28º Domingo do Tempo Comum - Ano B
"Jesus olhou para ele com simpatia e respondeu: «Falta-te uma coisa (...)” Mc 10, 21
Muitas vezes uma passagem bíblica funciona como um espelho para nós mesmos. Reconhecemo-nos em algum personagem, ou vemos-nos em determinada situação. Assim funciona o relato do jovem rico que interpela Jesus porque quer alcançar a vida eterna. No fundo, sente que lhe falta algo que dê sentido a tudo à qualidade da sua vida: os preceitos da Lei que cumpre deste pequeno, a prosperidade que recebeu ou alcançou, o bem-estar que transparece. Se tudo tem, porque lhe aparece aquela sensação de vazio? E lembro-me do convite que o António Zambujo faz para o seu amor vir andar de lambreta, e esquecer o “tal Vilela / Que tem carro e barco à vela / O pai tem a mãe também / Que é tão tão / Sempre a preceito / Cá para mim no meu conceito / Se é tão tão e tem tem tem / Tem de ter algum defeito”! O jovem rico é admirável, e a sua procura também, mas o segredo que pode encher a vida não é acumular, e sim, distribuir!
É verdade que não temos espelho mágico como o da madrasta da Branca de Neve, e os que temos são mais utilizados para avaliar a beleza exterior ou se andamos a precisar de fazer dieta. Mas seria bom que os usássemos para ver a quantidade de coisas inúteis que acumulamos, e até aquelas que ainda não temos e já nos aferrolham a felicidade na ânsia de as vir a ter.
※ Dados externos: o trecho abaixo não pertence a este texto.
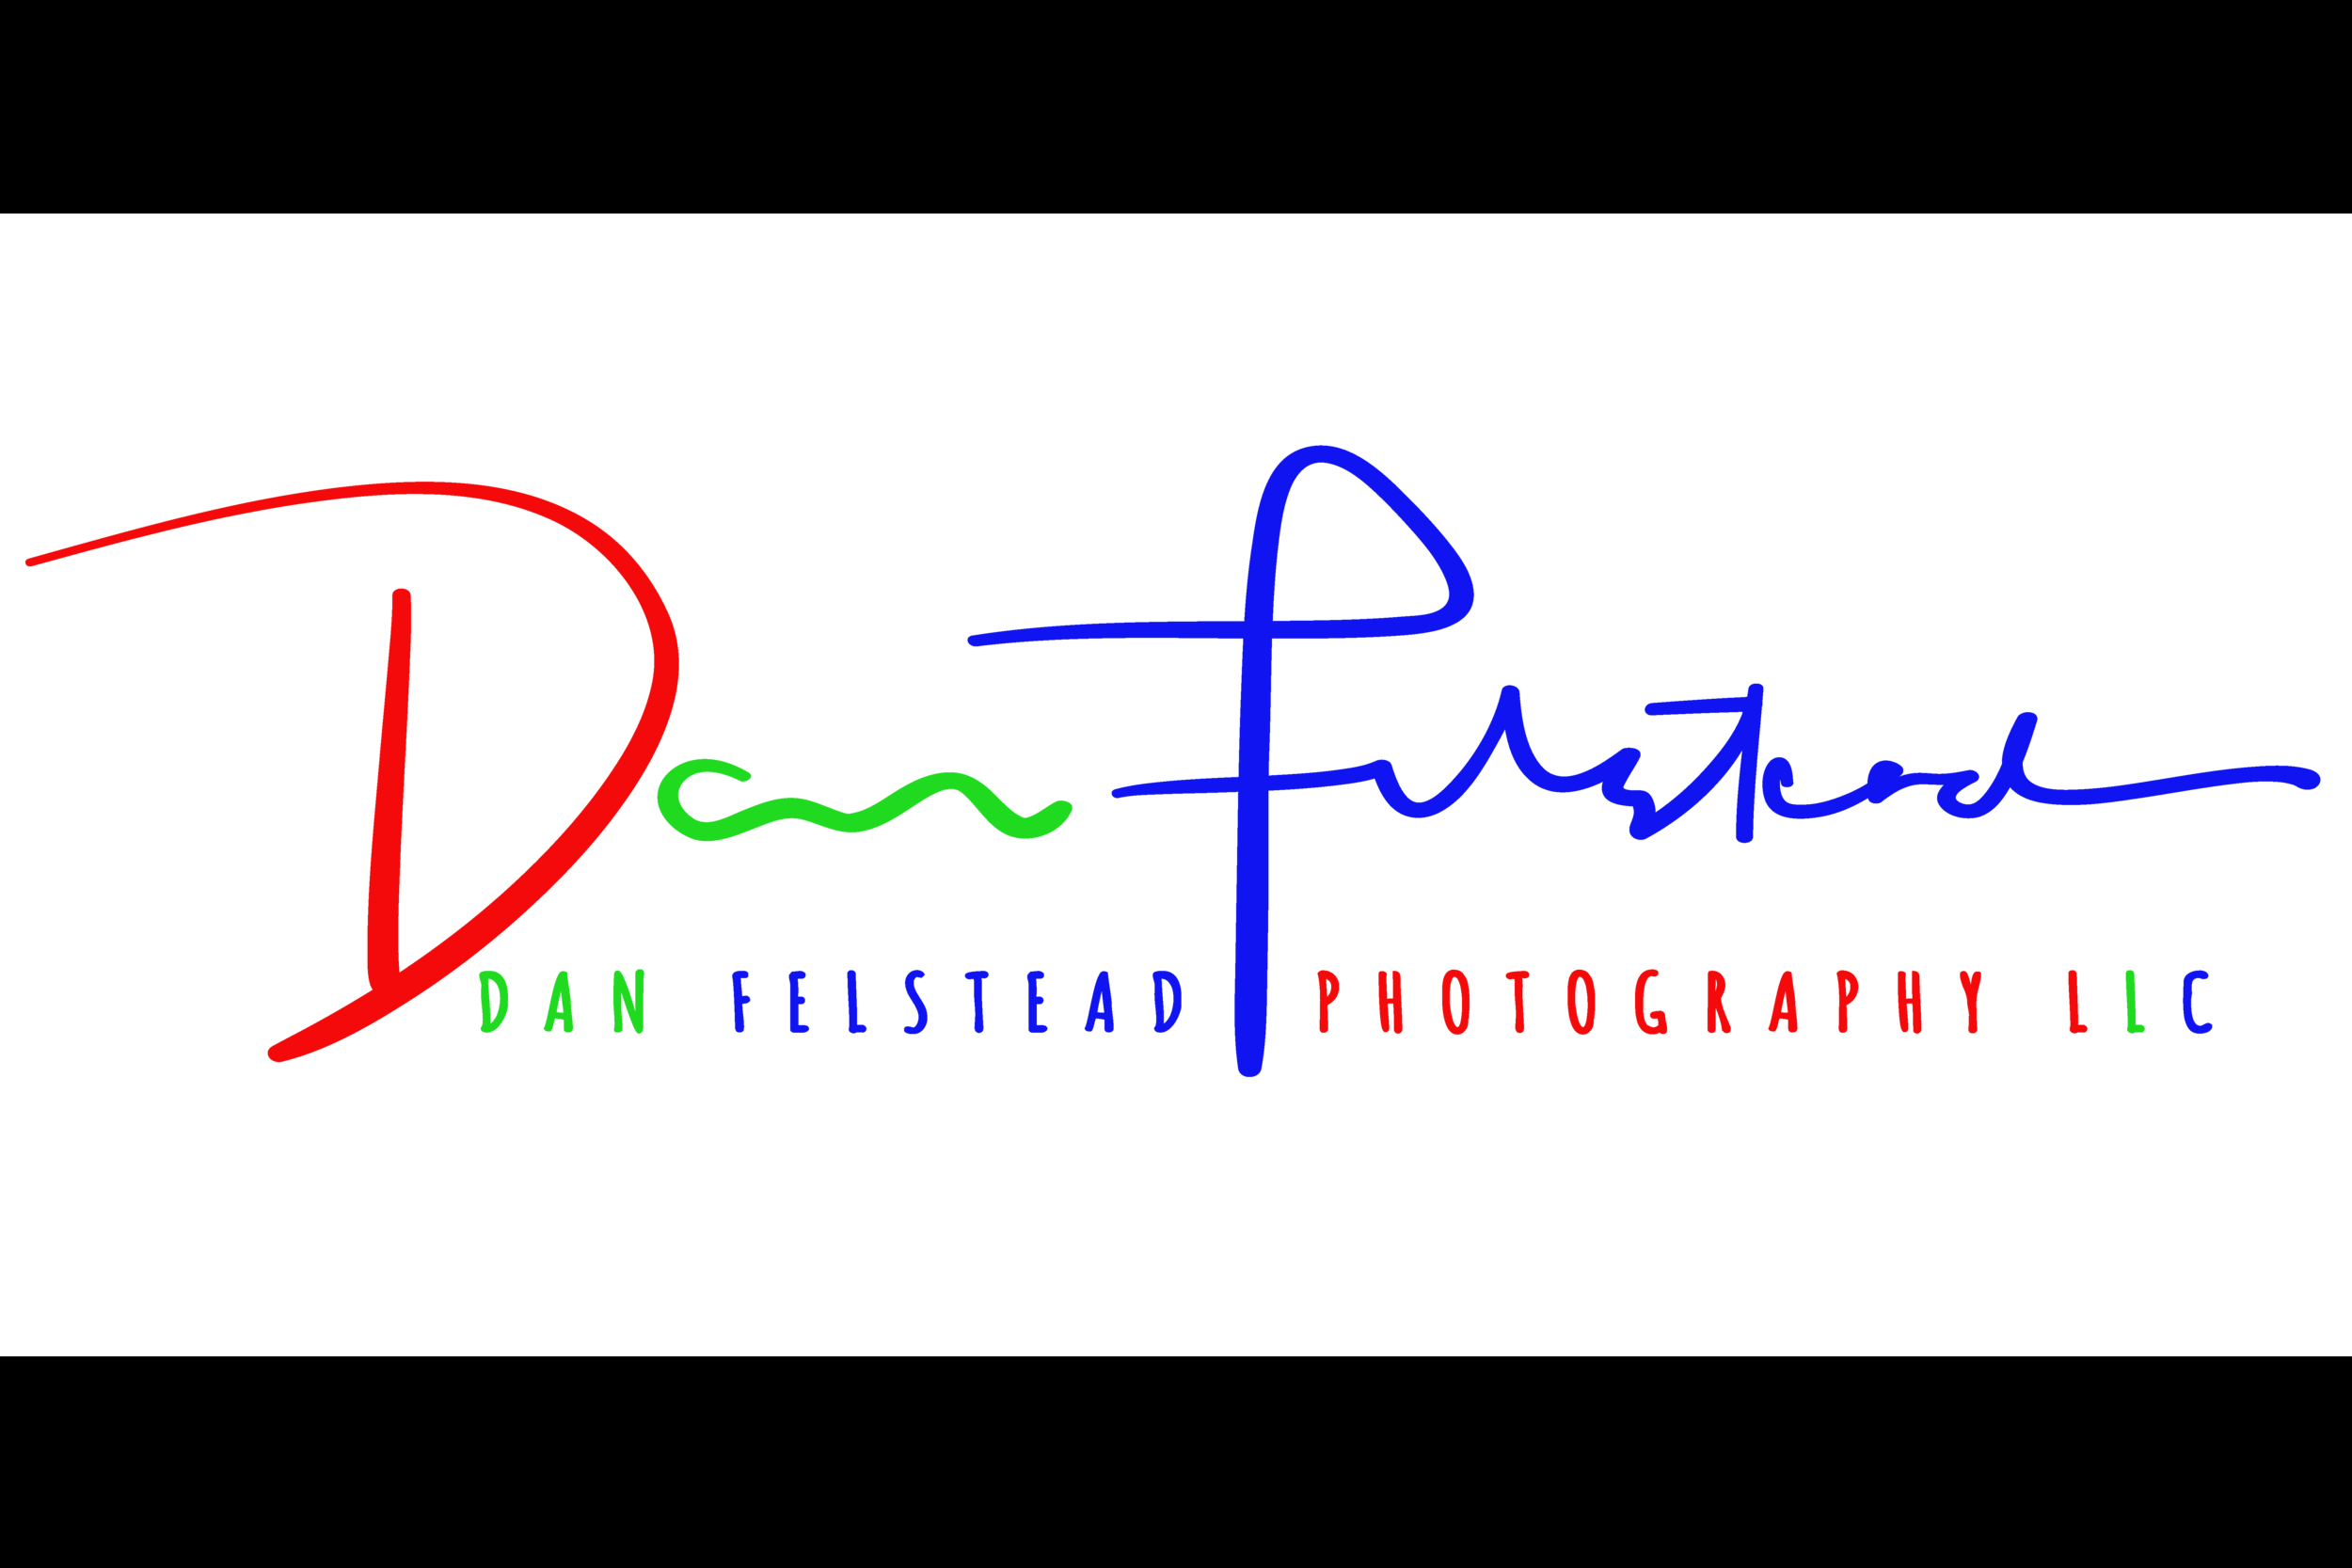 Dan Felstead Photography LLC

Não sei se o jovem do evangelho pensaria que a vida eterna seria “a cereja em cima do bolo”, mas creio que muitas vezes se vive como se fôssemos faraós e levássemos para o outro mundo todas riquezas e luxos que nos rodearam em vida. Bendita irmã morte que nos reveste da nudez inicial!
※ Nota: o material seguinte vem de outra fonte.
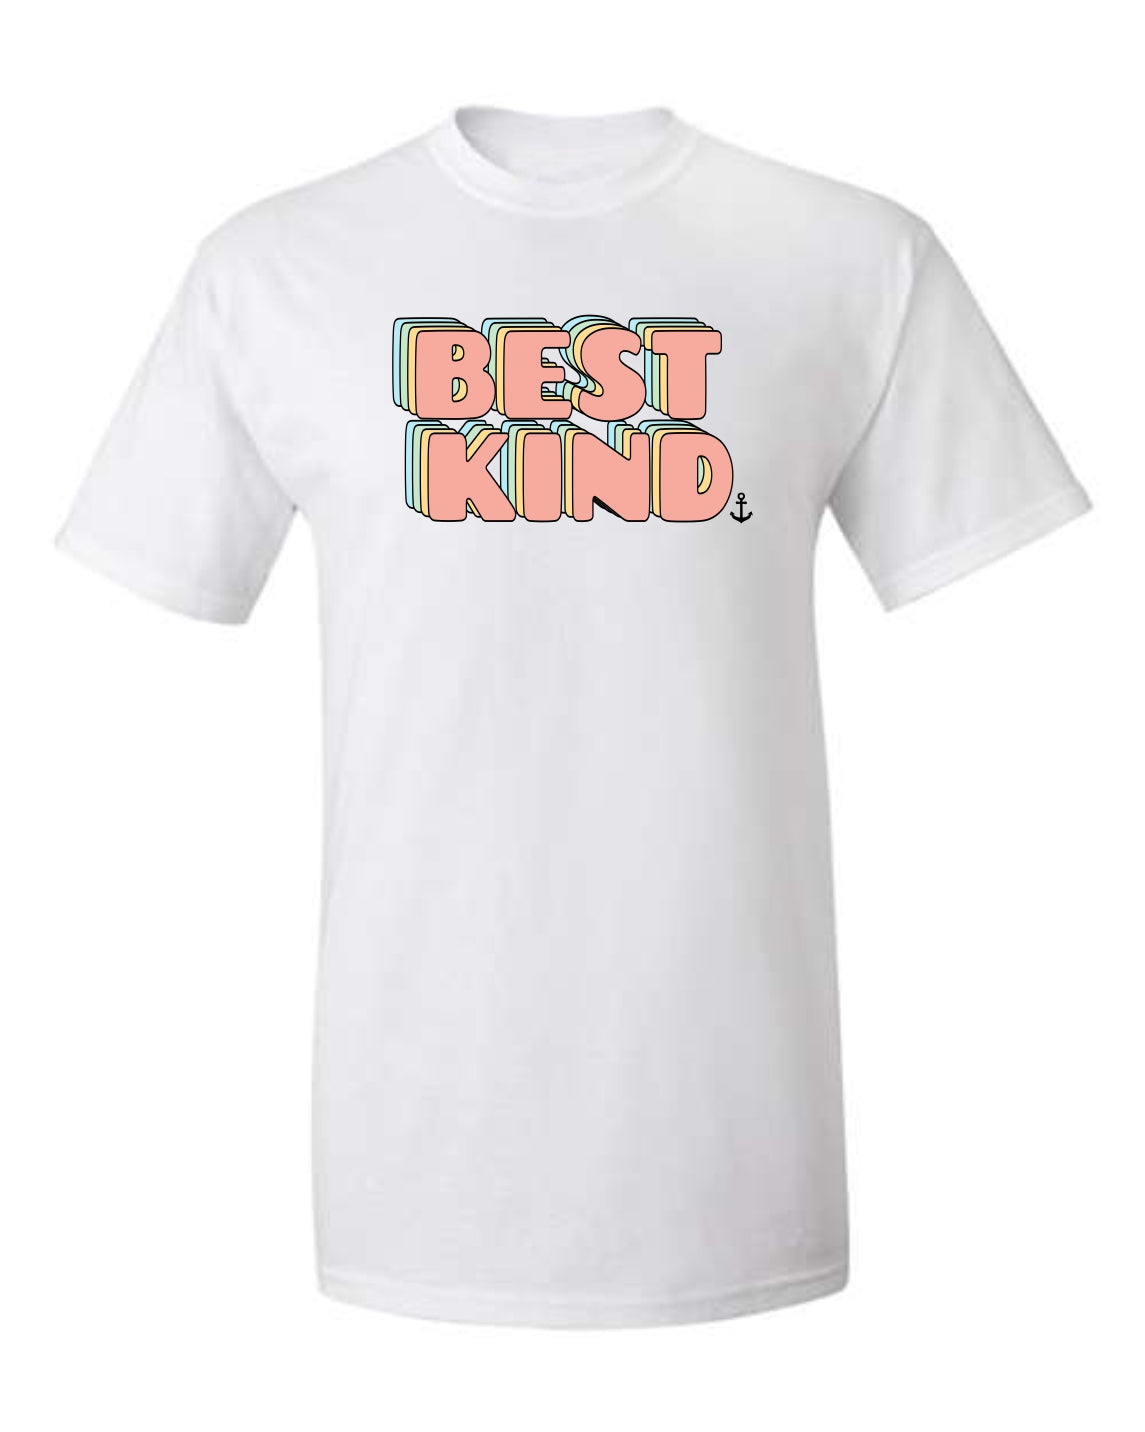 "Best Kind" Groovy T-Shirt
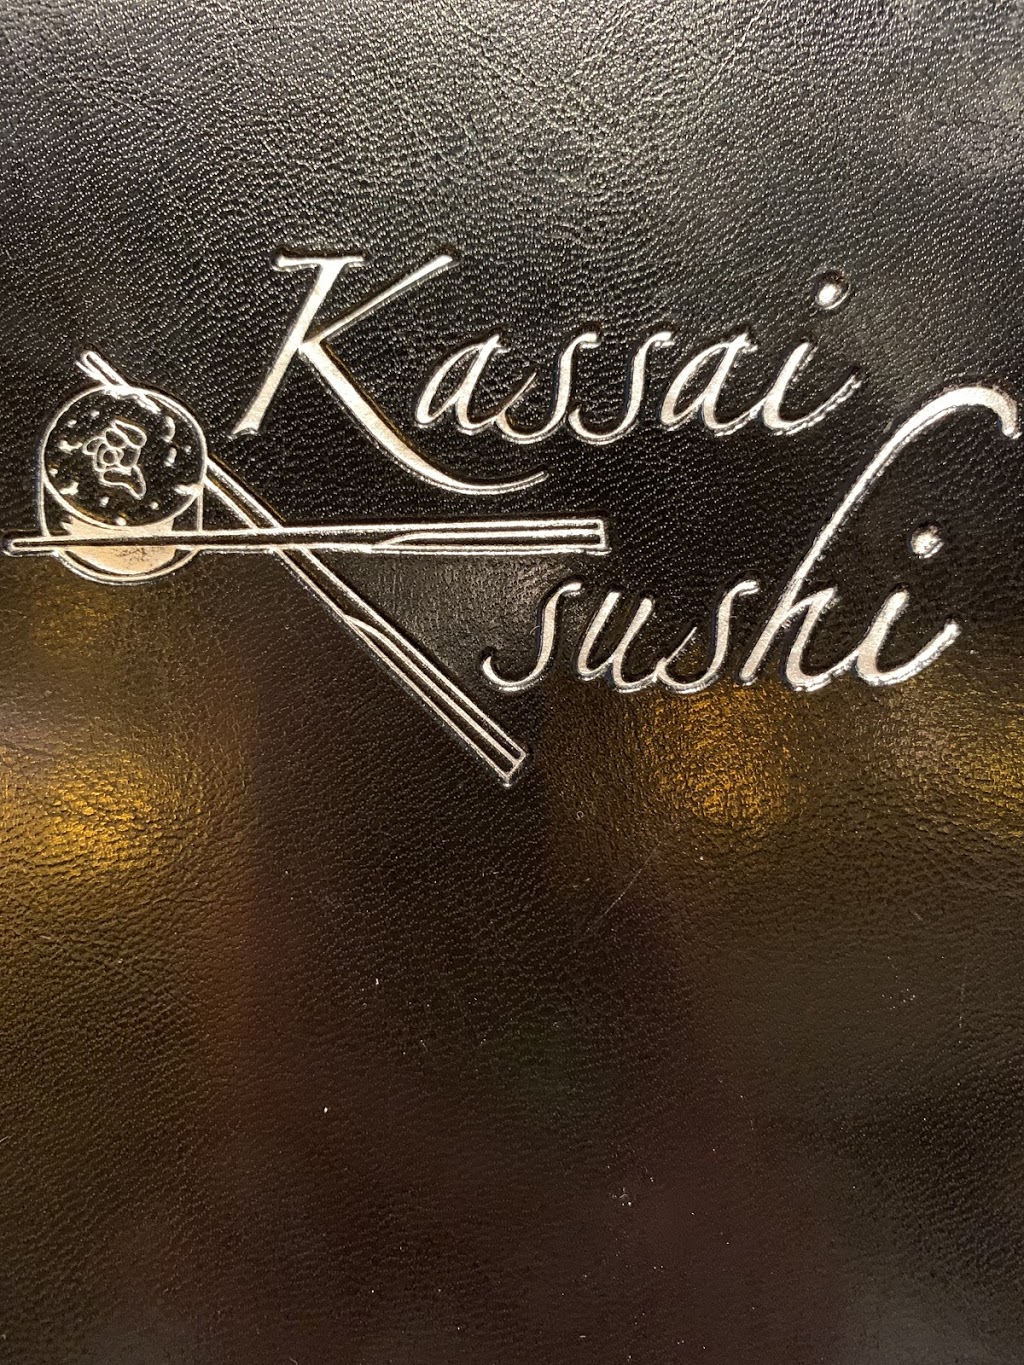 Kassai sushi | 731 Quebec St, Denver, CO 80220 | Phone: (303) 320-0833

Religiosamente satisfeito e bom cumpridor, socialmente bem cotado e sem máculas no currículo, não foi suficiente o olhar de amor de Jesus para o nosso jovem trocar o certo pela surpresa. Vender tudo e dar aos pobres é um preço muito alto a pagar para seguir Jesus. E fazê-lo ao longo da vida (porque a tentação de “servir a Deus e ao dinheiro” volta muitas vezes) não é nada fácil. Escolher Jesus e continuar a preferi-l’O a todas as outras coisas, não significa deixar de utilizar os bens, mas sim utilizá-los para o maior bem; não significa não os ter, mas sim não deixar que eles sejam donos de nós, não significa desprezar o mundo, mas sim, nunca esquecer de valorizar as pessoas.
É ao espelho diário do pensamento e da sabedoria que importa perguntar: que vida quero e estou a viver? Como respondo ao olhar cheio de amor que Jesus tem para mim? E trata-se de um espelho que reflecte, e não de um écran que emite e cria o vício de ser espectador do mundo e consumidor de coisas feitas! Viver de e para os écrans é mais uma forma alienante de enriquecimento de coisas supérfluas. O espelho pode também trazer o perigo de Narciso que se apaixonou pela sua imagem. Mas se esse espelho fôr o lago tranquilo dos olhos de Jesus, ele devolver-nos-á sempre a verdadeira imagem de nós mesmos e a verdade do mundo que importa construir!
Pe. Vitor Gonçalves
in Voz da Verdade
A liturgia do 28º Domingo do Tempo Comum convida-nos a reflectir sobre as escolhas que fazemos; recorda-nos que nem sempre o que reluz é ouro e que é preciso, por vezes, renunciar a certos valores perecíveis, a fim de adquirir os valores da vida verdadeira e eterna.
- Na primeira leitura, um “sábio” de Israel apresenta-nos um “hino à sabedoria”. O texto convida-nos a adquirir a verdadeira “sabedoria” (que é um dom de Deus) e a prescindir dos valores efémeros que não realizam o homem. O verdadeiro “sábio” é aquele que escolheu escutar as propostas de Deus, aceitar os seus desafios, seguir os caminhos que Ele indica.
- O Evangelho apresenta-nos um homem que quer conhecer o caminho para alcançar a vida eterna. Jesus convida-o renunciar às suas riquezas e a escolher “caminho do Reino” – caminho de partilha, de solidariedade, de doação, de amor. É nesse caminho – garante Jesus aos seus discípulos – que o homem se realiza plenamente e que encontra a vida eterna.
- A segunda leitura convida-nos a escutar e a acolher a Palavra de Deus proposta por Jesus. Ela é viva, eficaz, actuante. Uma vez acolhida no coração do homem, transforma-o, renova-o, ajuda-o a discernir o bem e o mal e a fazer as opções correctas, indica-lhe o caminho certo para chegar à vida plena e definitiva.